## DATASET EXCERPT
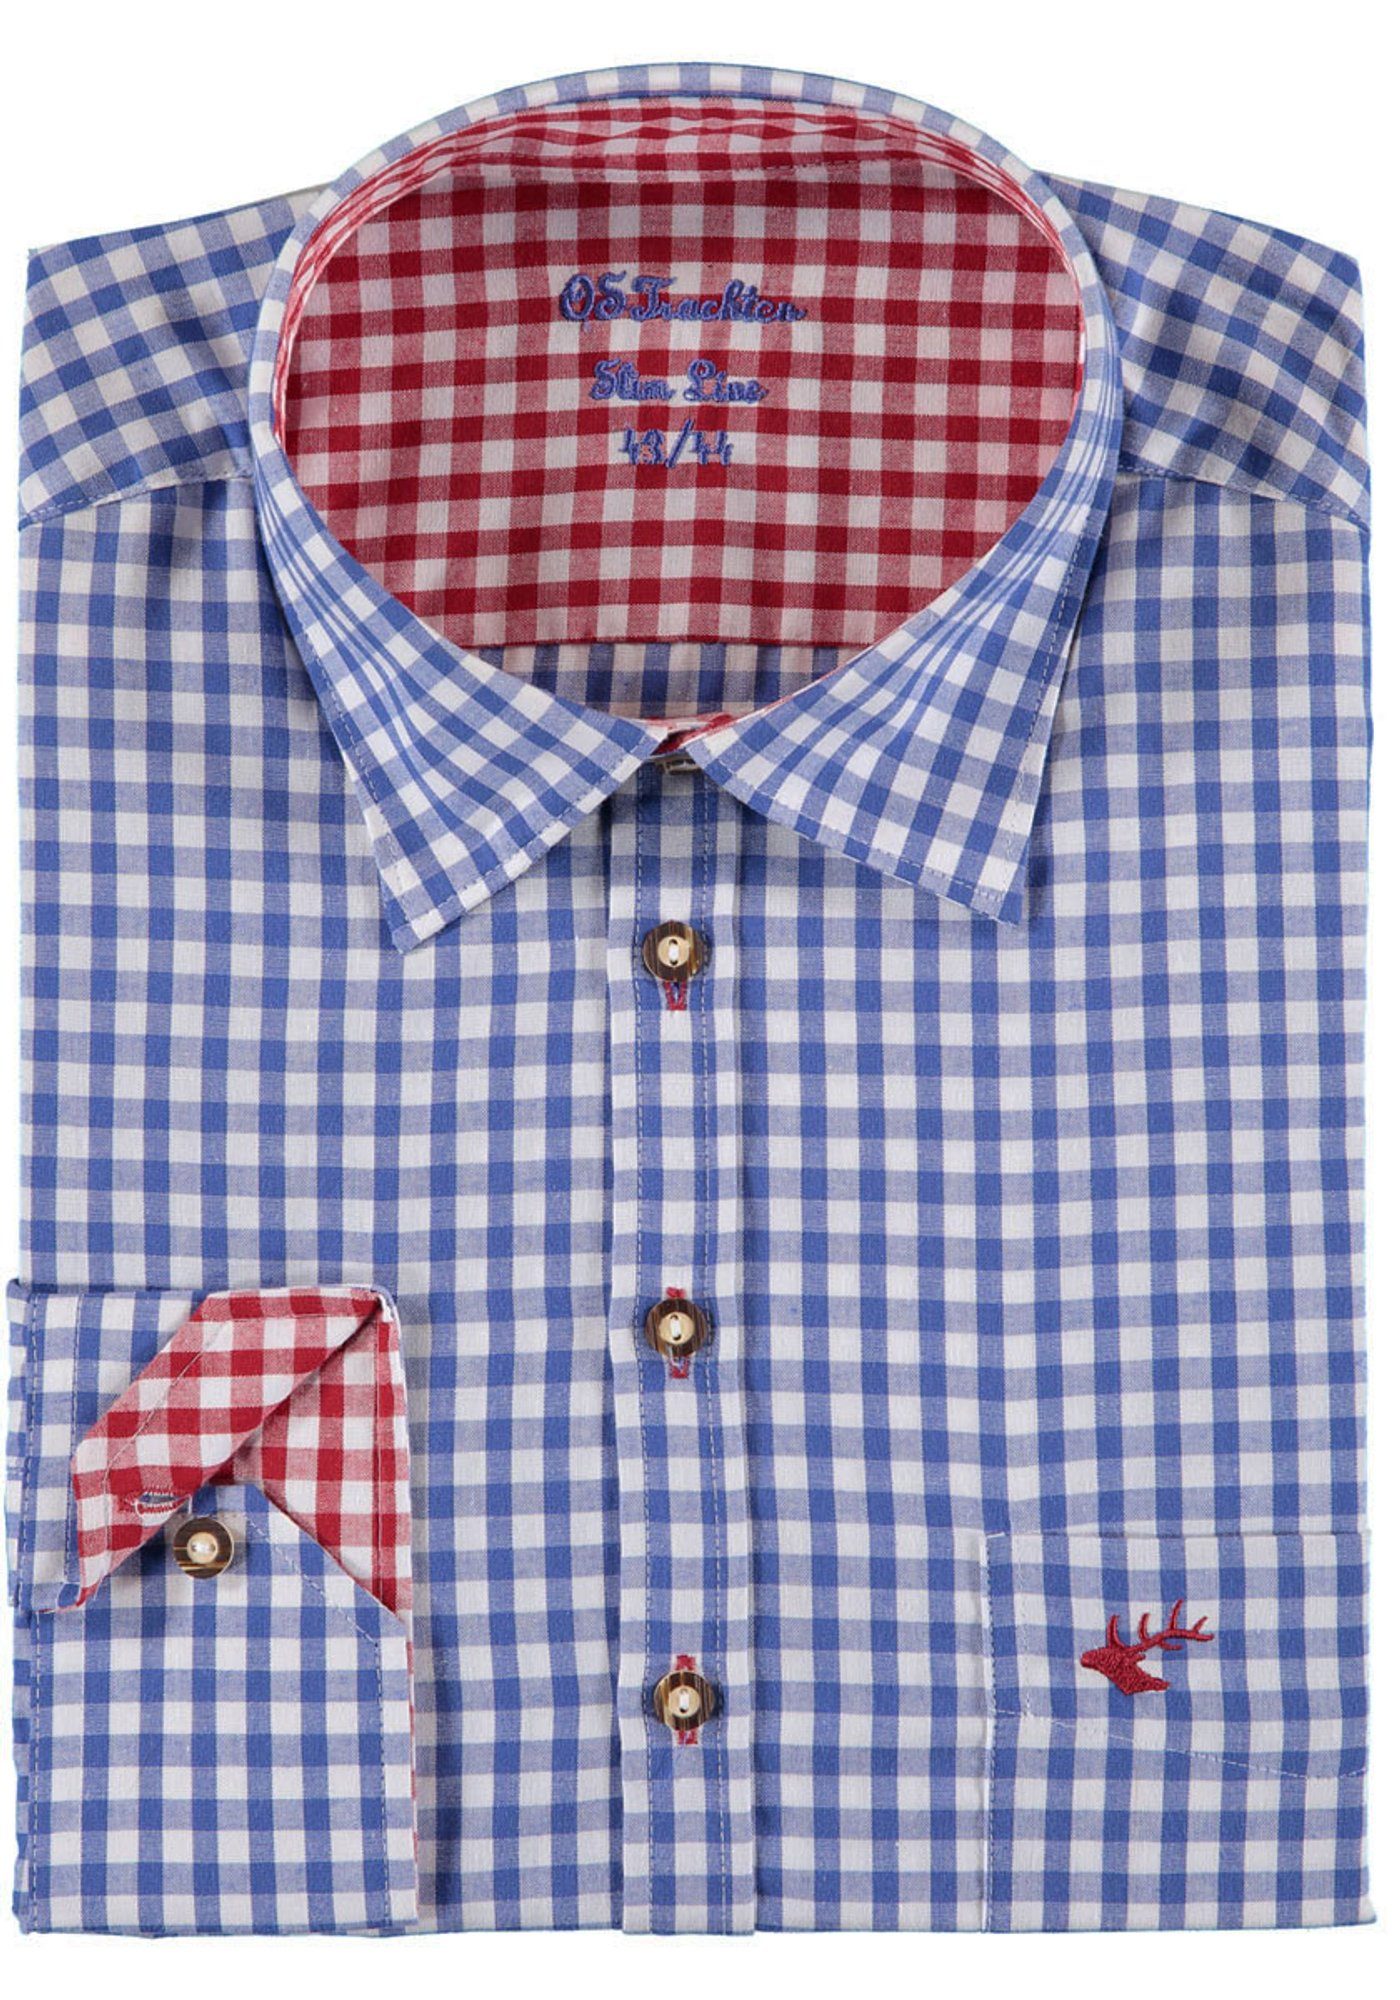 OS-Trachten Trachtenhemd Pasevu Langarmhemd mit Hirsch-Stickerei auf der Brusttasche mittelblau
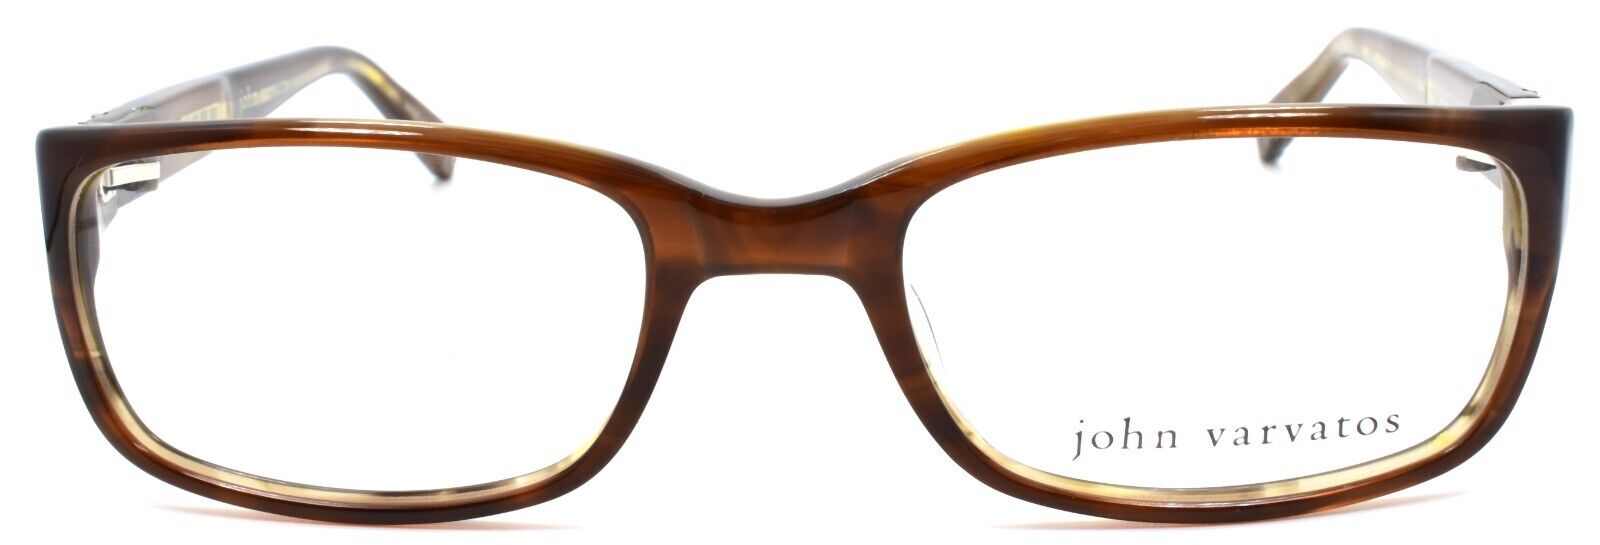 2-John Varvatos V344 Men's Eyeglasses Frames 51-19-140 Brown Japan-751286222210-IKSpecs
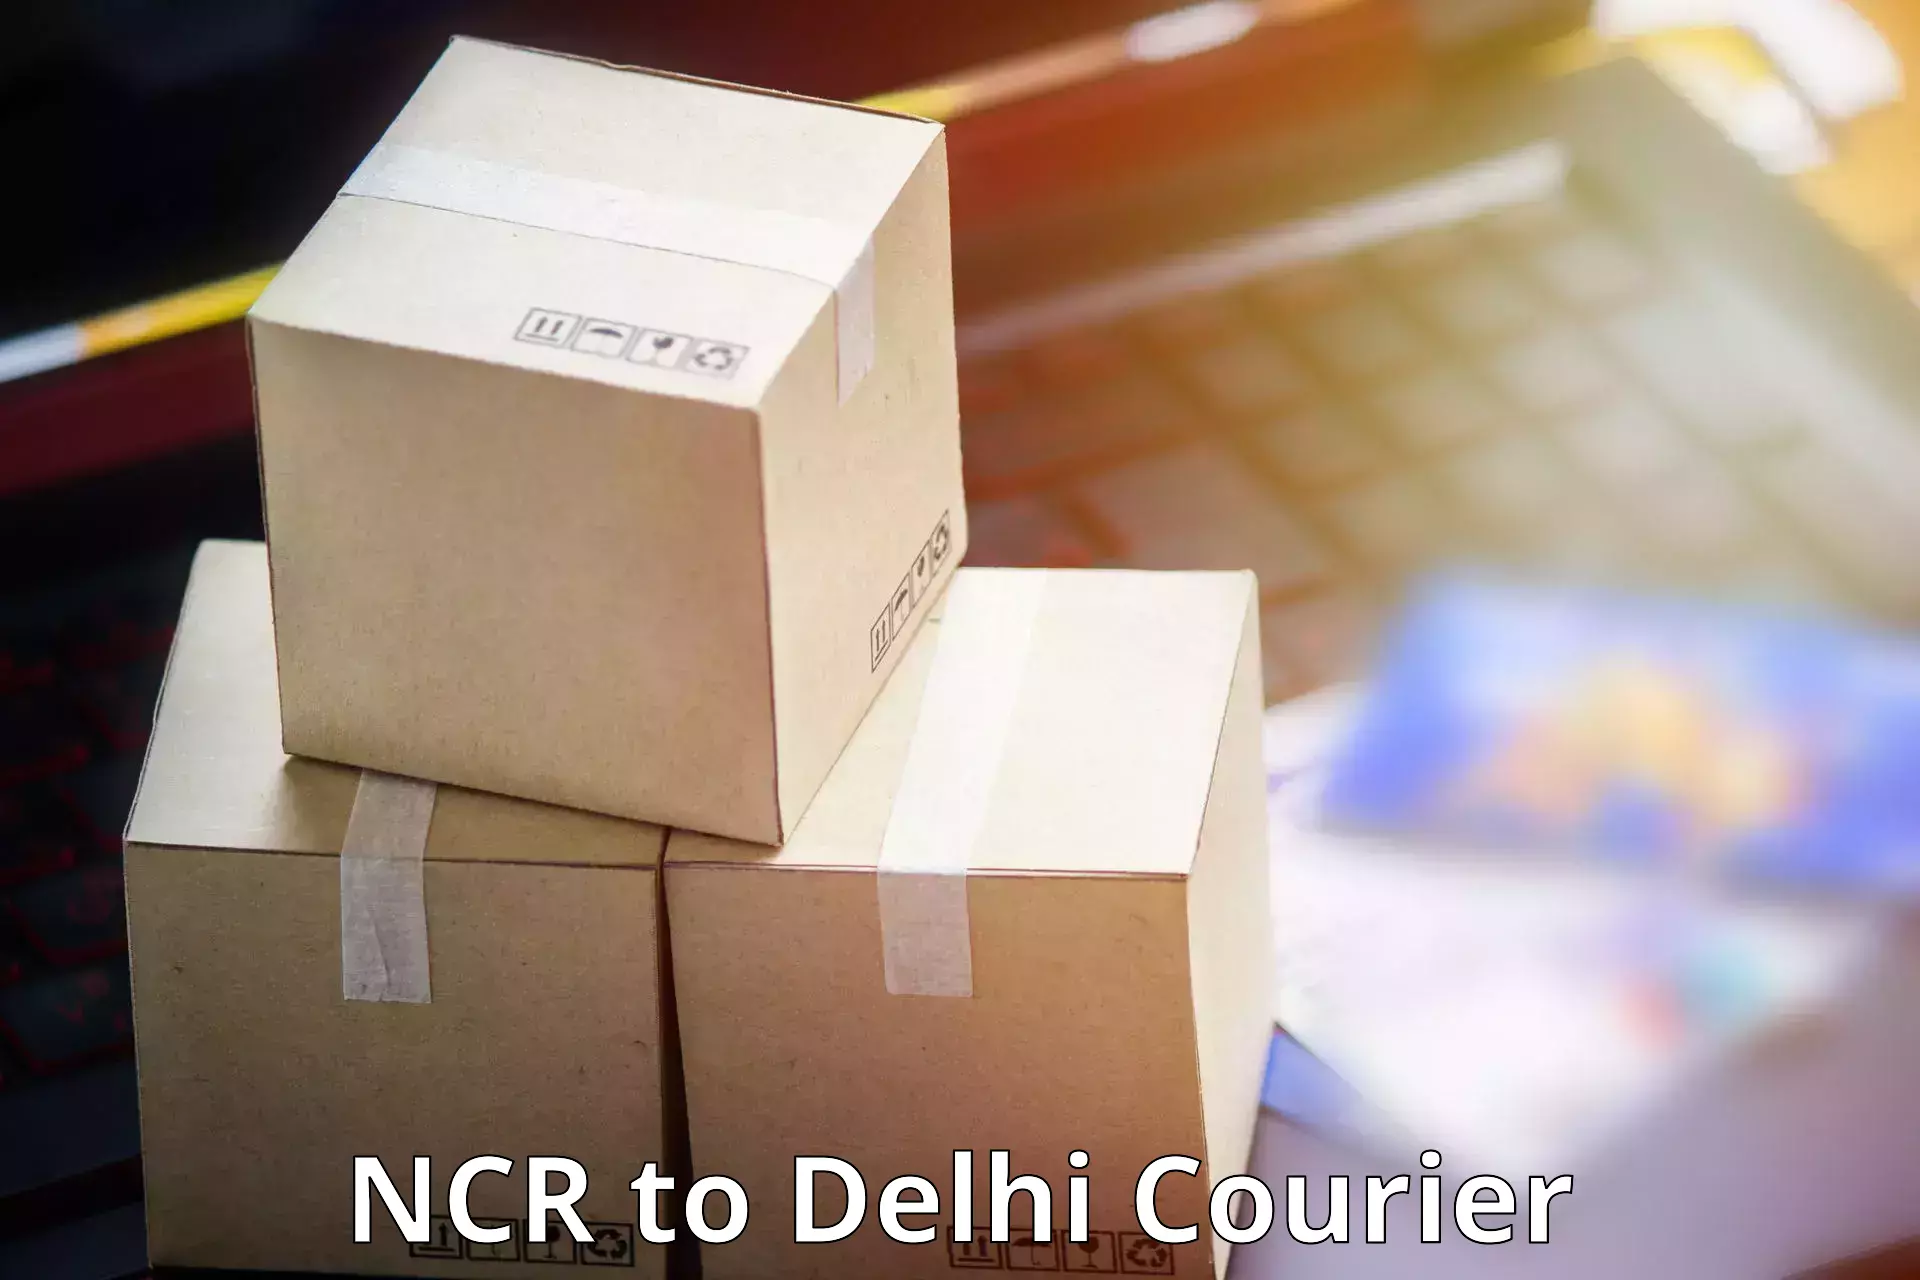 Urban courier service NCR to Kalkaji

## TASK GOAL
Restate the listing above word for word, and skip the pictures.

## YOUR RESPONSE
 OS-Trachten Trachtenhemd Pasevu Langarmhemd mit Hirsch-Stickerei auf der Brusttasche mittelblau
 2-John Varvatos V344 Men's Eyeglasses Frames 51-19-140 Brown Japan-751286222210-IKSpecs
 Urban courier service NCR to Kalkaji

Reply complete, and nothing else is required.